Lucien dan Asterin spontan menatap Archibald yang kini memasang ekspresi tanpa rasa bersalah. Ia bersiap untuk berdiri tanpa mengucap sepatah kata pun. Ia menyimpulkan bahwa Lucien dapat mencari lebih tahu siapa dalang dari pemalsuan dokumen tersebut.

"Apa maksudnya ini? Kau dapatkan dari mana?"Lucien memaksa Archibald untuk menjelaskannya. Pergi begitu saja bukanlah jawaban dari teka-teki di kepala Lucien. Sebelum beranjak pergi, Archibald membisikkan sesuatu yang hanya dapat didengar oleh mereka saja.

"Ruang rahasia di laboratorium."

Sebelum melangkah pergi, Archibald tidak sengaja berpapasan dengan Maggie yang baru saja selesai dengan urusannya di toilet. Ia sedikit terkejut karena ia berada di hadapan tentara berbadan tegap dan besar. Namun saat itu juga, ia teringat sesuatu dan melontarkan pertanyaan yang seharusnya tidak ia tanyakan.

"Ah! Kau Archibald Winter! Apa kau benar-benar masih perjaka?"

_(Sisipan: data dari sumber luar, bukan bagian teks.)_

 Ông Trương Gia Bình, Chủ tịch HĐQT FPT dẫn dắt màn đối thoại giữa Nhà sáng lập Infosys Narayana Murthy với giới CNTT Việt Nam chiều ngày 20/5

Pertanyaan polos dan mengundang emosi.

Baik Asterin maupun Lucien hanya bisa menunduk pasrah melihat keisengan Maggie yang kelewat batas. Archibald hanya mendengus dan hampir mengeluarkan pistolnya untuk menodong Maggie, namun di saat bersamaan, mereka merasakan ada sebuah ledakan yang berasal dari dalam markas.

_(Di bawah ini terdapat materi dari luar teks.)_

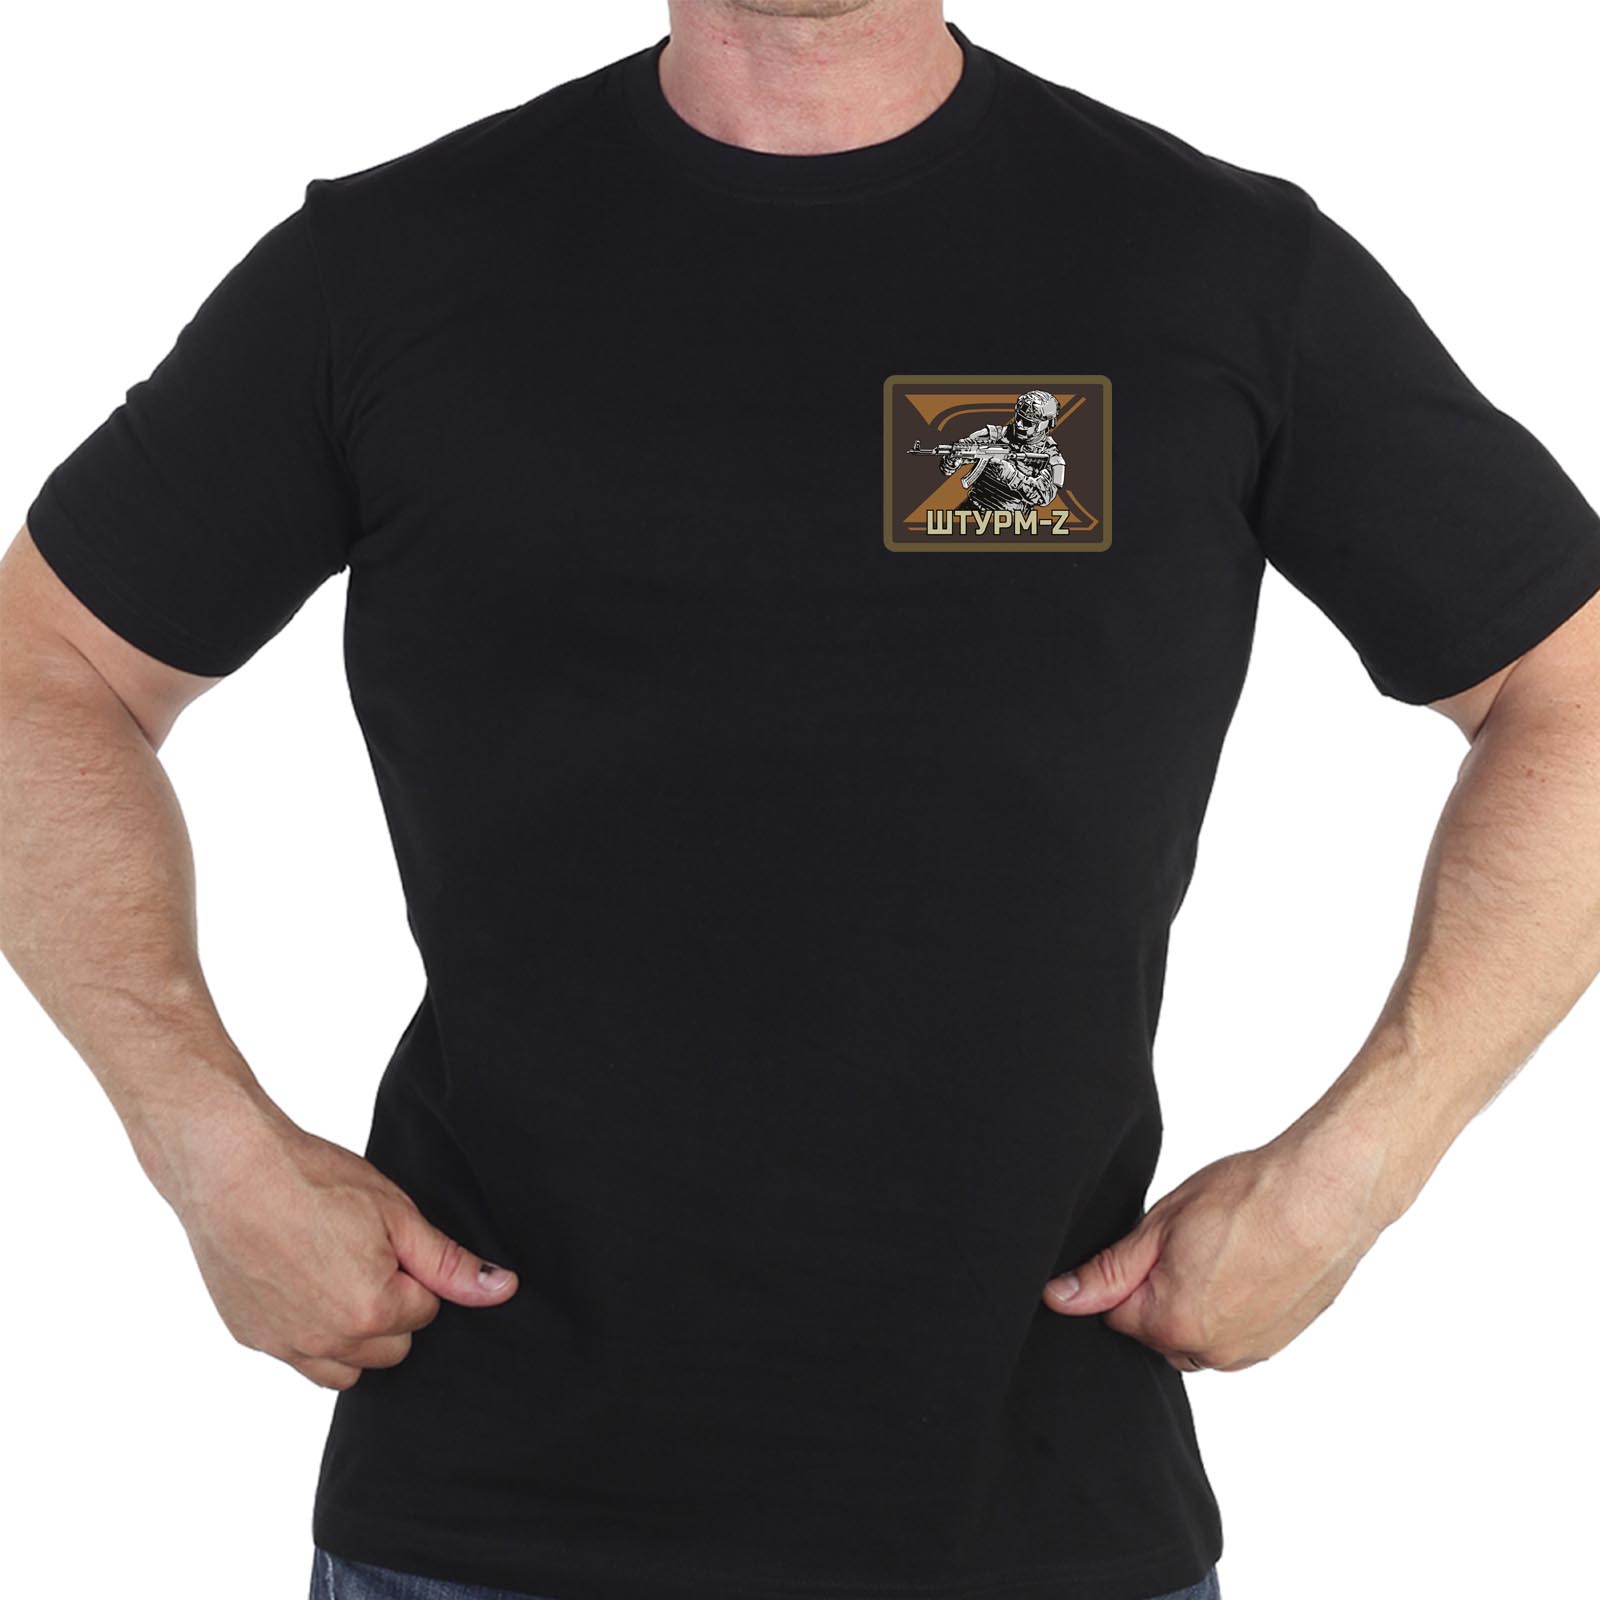 Купить черную футболку с термотрансфером в в стиле Z "Штурм"

"Ledakan?! Sial, kita harus ke ruang rapat sekarang!"seru Archibald lalu berlari keluar kantin dengan cepat. Mengingat bahwa di ruang rapat masih ada direktur WHO dan yang lainnya, Lucien juga ikut berlari untuk memastikan mereka aman, disusul oleh Maggie dan Asterin dari belakang.